The function implements the statistical procedure designed to distinguish whether the two tumors from the same patient are clonal (have the same progenitor cancer cell) or independent (developed from normal cells independently). At first  data are segmented with one step CBS (Olshen, A. B., Venkatraman, E. S., Lucito, R., Wigler, M. (2004). Circular binary segmentation for the analysis of array-based DNA copy number data. Biostatistics 5: 557-572) that picks at most one copy number change per chromosome arm. Then each chromosome arm is classified as Gain/Loss/Normal based  on a middle segment if there are 3 segments, or  based  on the most outstanding segment if there are 2 segments. The multinomial likelihood ratio comparing these classifications is computed (LR1). For each concordant partial arm gain or loss  we also calculate likelihood ratio that this change is exactly the same in both tumors. These likelihood ratios are multiplied by LR1 to obtain our final statistic, LR2. If LR2 is much greater than 1, that indicates clonality. If LR2 is much smaller than 1, it indicates independence. The reference distribution of LR2 under the hypothesis of independence is obtained  by pairing up tumors from different patients, which are independent by default.
的功能，实现了统计的程序设计来区分是否从同一病人的肿瘤克隆（具有相同的祖癌单元）或独立（从正常单元自主开发）。起初的数据分割一步CBS（Olshen，AB，卡特拉曼，胚胎，Lucito，Wigler，M.（2004）阵列为基础的DNA拷贝数数据分析的循环二元分割的生物统计5。557 -572），拿起一个副本最多每染色体臂数变化。然后每个染色体臂被归类为收益/损失/普通中间段为基础，如果有3段，或基于最优秀的部分，如果有2段。比较这些分类是多项式的可能性比计算（LR1）。对于每一个一致的部分手臂的收益或损失，我们也计算似然比，这种变化是在这两个肿瘤完全一样。这些可能性比率乘以LR1，以获得我们的最终统计，LR2的。 LR2的是，如果远远大于1，表明克隆。 LR2的是，如果远小于1，它表示的独立性。 LR2的参考分布独立的假设下，得到由来自不同患者的肿瘤，这是默认情况下，独立配对。

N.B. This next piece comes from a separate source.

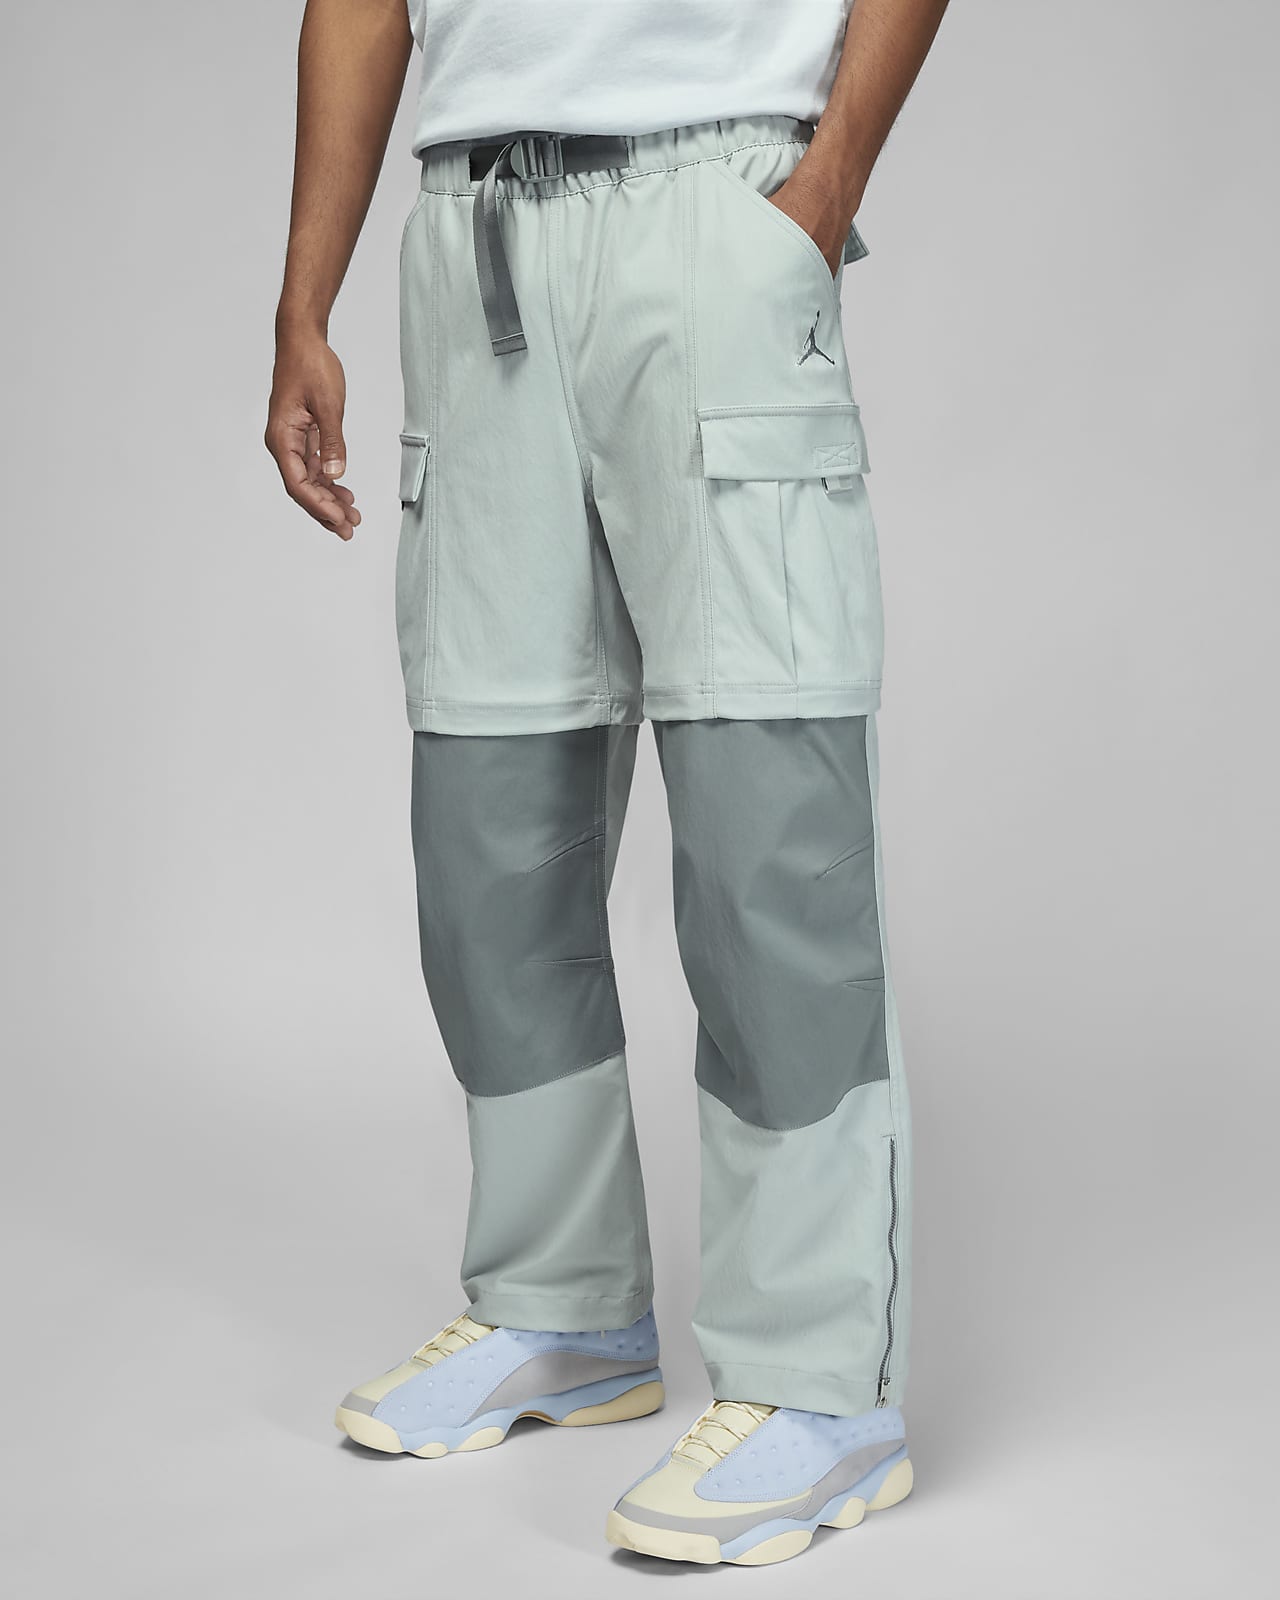 cargo pants with air jordan 1

Since only one gain/loss is admissible per chromosome arm it is highly recommended to apply this methodology to arrays with at most 10,000-15,000 markers.  We suggest averaging  blocks of consecutive probes for arrays with larger resolution, see function ave.adj.probes.
由于只有一个增益/损耗是可以受理的每染色体臂，它强烈建议采用这种方法用在最10,000-15,000标记数组。我们建议均较大决议连续探测器阵列块，看到功能ave.adj.probes。

值----------Value----------

If the reference is TRUE, function returns the list with 4 elements: LR, OneStepSeg, ChromClass, refLR.
如果参考为TRUE，函数返回4个元素的列表：LR，OneStepSeg，ChromClass，refLR。

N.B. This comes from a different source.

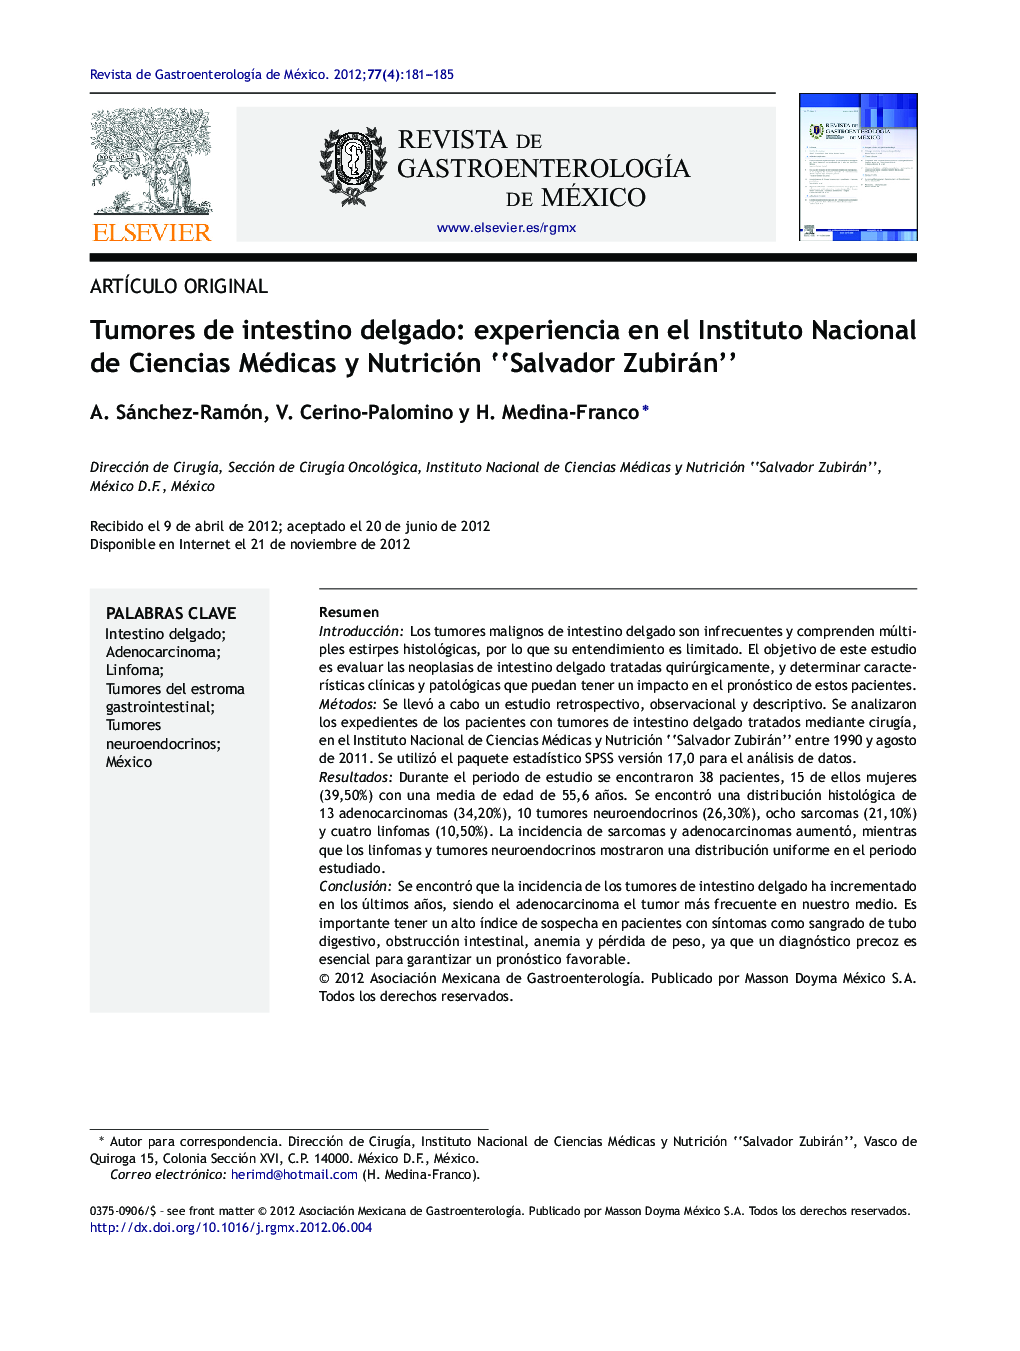 Tumores de intestino delgado: experiencia en el Instituto Nacional de Ciencias Médicas y Nutrición “Salvador Zubirán”

LR - matrix with the within patient comparisons. Each row corresponds to a pair of samples being compared. Columns are: Sample1 - name of sample 1; Sample2 - name of sample 2; LR1 - likelihood ratio without comparisons of specific concordant gains/losses; LR2  - final likelihood ratio with individual comparisons; GGorLL - number of chromosome arms that are classified as Gains in both tumors or Losses in both tumors; NN - number of chromosome arms  that are classified as Normal in both tumors; GL    - number of chromosome arms  that are classified as Gain in one tumors and Loss in another; GNorLN -  number of chromosome arms  that are classified as Gain(Loss) in one tumors and Normal in another; IndividualComparisons    - list of chromosome arms that had comparisons of specific concordant gains/losses in both tumors and the corresponding likelihood ratio for them being exactly the same. p-value - quantile of the reference distribution under the null hypothesis (refLR$LR2) that the value of LR2 match.
-  LR内病人比较矩阵。每一行对应于一对被比较的样本。栏目有：样品1  - 样品1名;的sample2  - 样品2名; LR1  - 似然比，没有比较具体的一致收益/亏损; LR2的 - 最后的可能性比个人比较; GGorLL  - 归类为收益的染色体武器的数量在肿瘤或肿瘤中都损失;神经网络 - 两个肿瘤归类为正常的染色体武器的数量; GL  - 归类在一个肿瘤和损失的增益，在另一个染色体武器的数量; GNorLN  - 染色体武器的数量，被列为一个肿瘤，在另一个正常; IndividualComparisons  - 染色体臂有比较具体的一致收益/损失，他们是完全相同的两个肿瘤和相应的似然比（损）益。 P-值 - 根据零假设（refLR美元LR2的），LR2的匹配值的参考分布的分位数。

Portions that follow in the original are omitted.